REQUIRED WORK: Restate word for word the lines below from the one that has "42 lik pay (DPT, 2003:199)" through the one that has "Pontiac Vibe Hatchback: Models, Generations", keeping both and dropping all pictures.

DATASET ENTRIES:
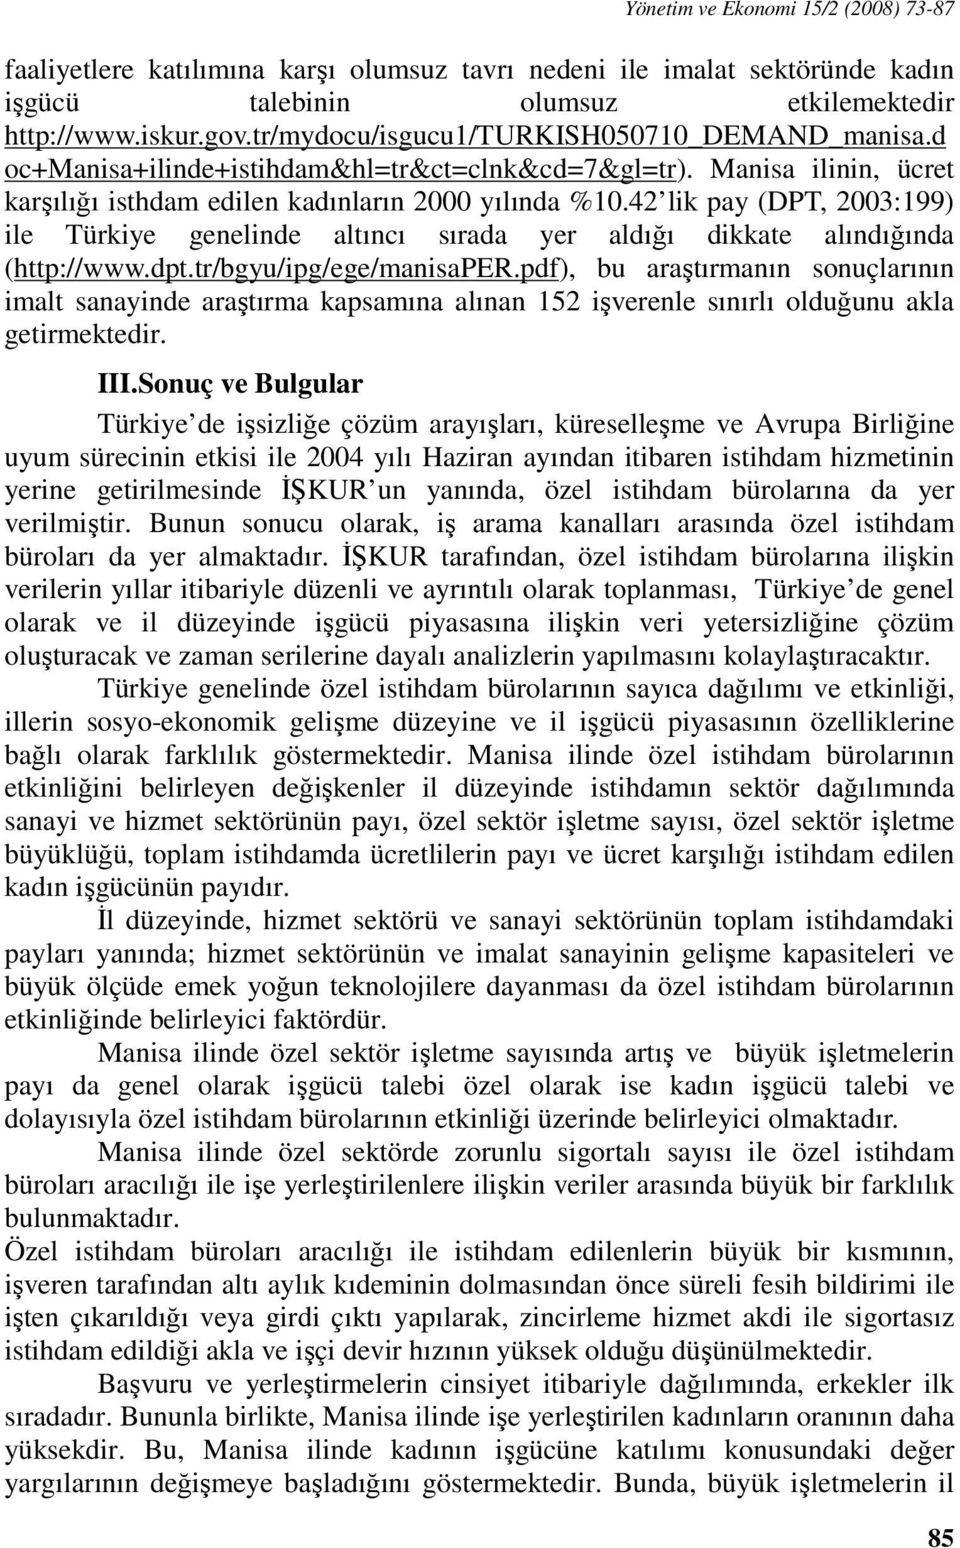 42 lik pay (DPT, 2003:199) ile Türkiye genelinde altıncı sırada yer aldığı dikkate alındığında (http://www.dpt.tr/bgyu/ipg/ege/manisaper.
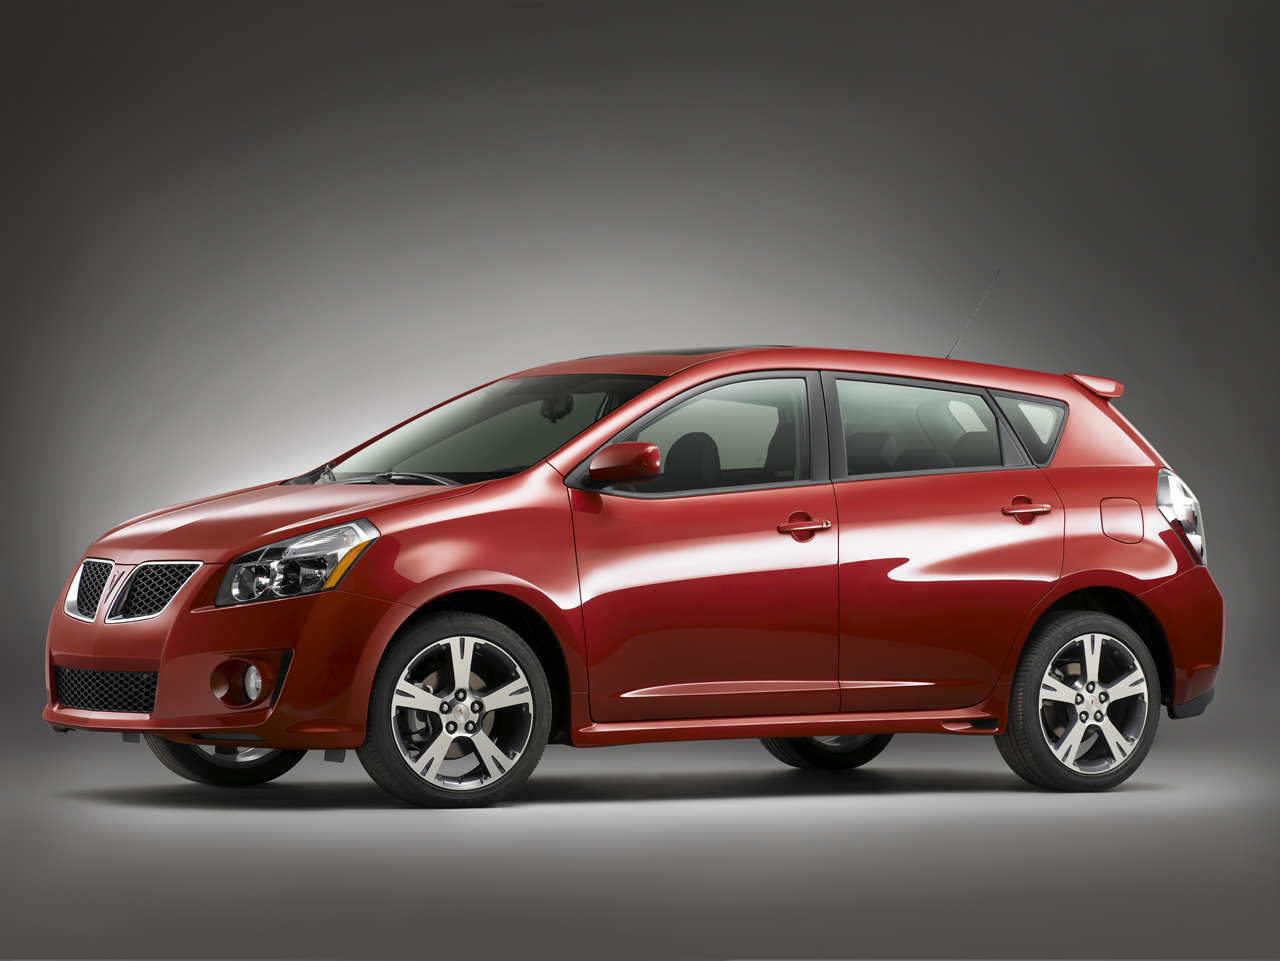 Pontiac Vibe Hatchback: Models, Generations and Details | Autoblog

==

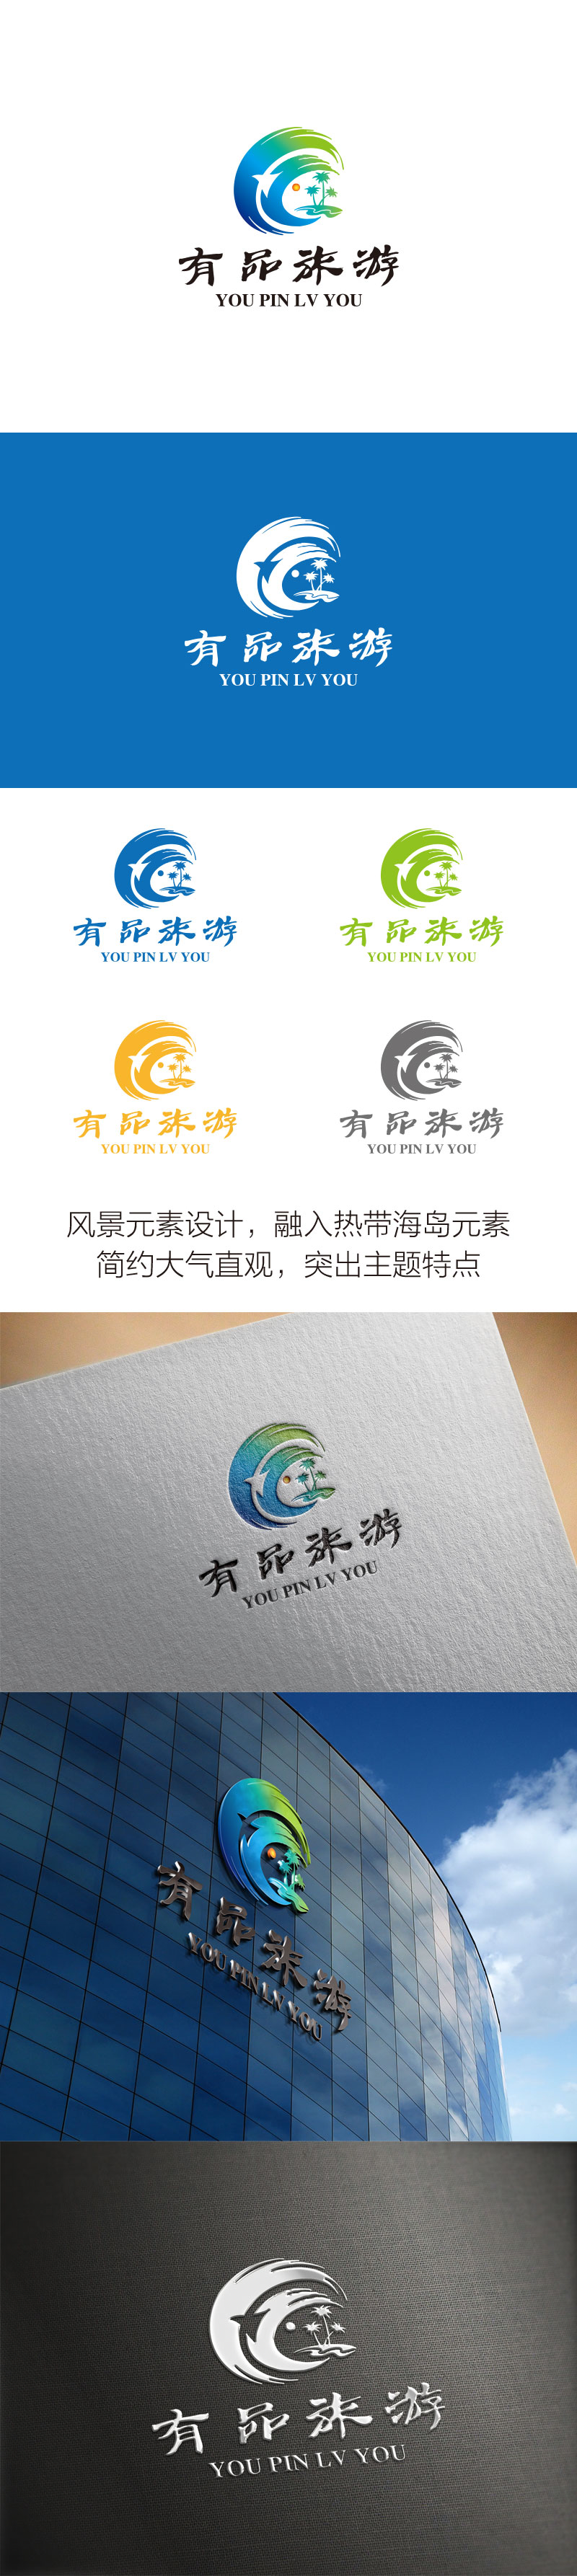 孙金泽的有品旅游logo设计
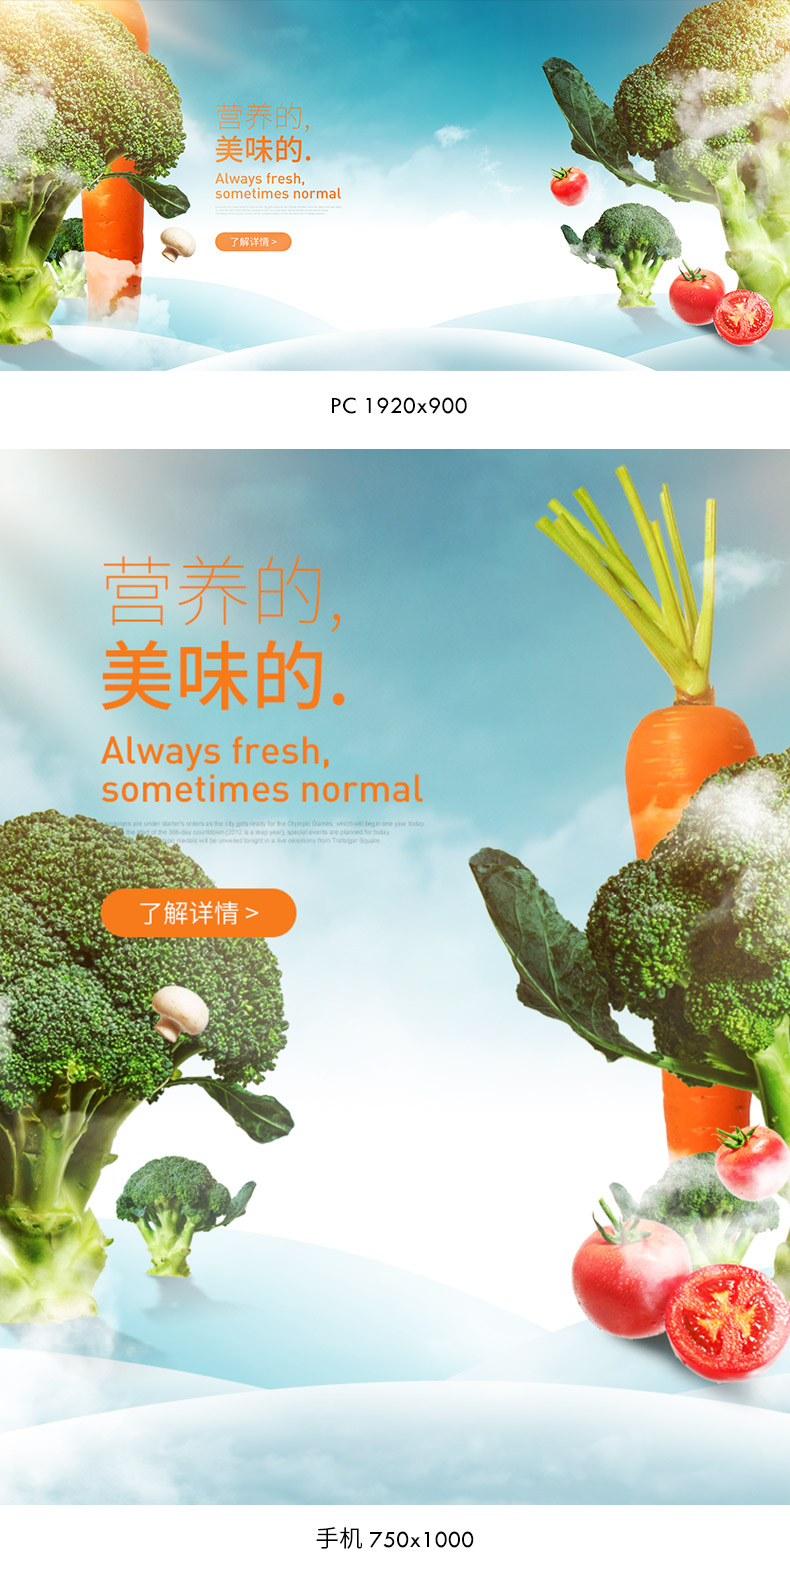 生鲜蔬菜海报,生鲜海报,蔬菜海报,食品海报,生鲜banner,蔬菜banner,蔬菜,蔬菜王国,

YOUR SOLUTION:
 42 lik pay (DPT, 2003:199) ile Türkiye genelinde altıncı sırada yer aldığı dikkate alındığında (http://www.dpt.tr/bgyu/ipg/ege/manisaper.
 Pontiac Vibe Hatchback: Models, Generations and Details | Autoblog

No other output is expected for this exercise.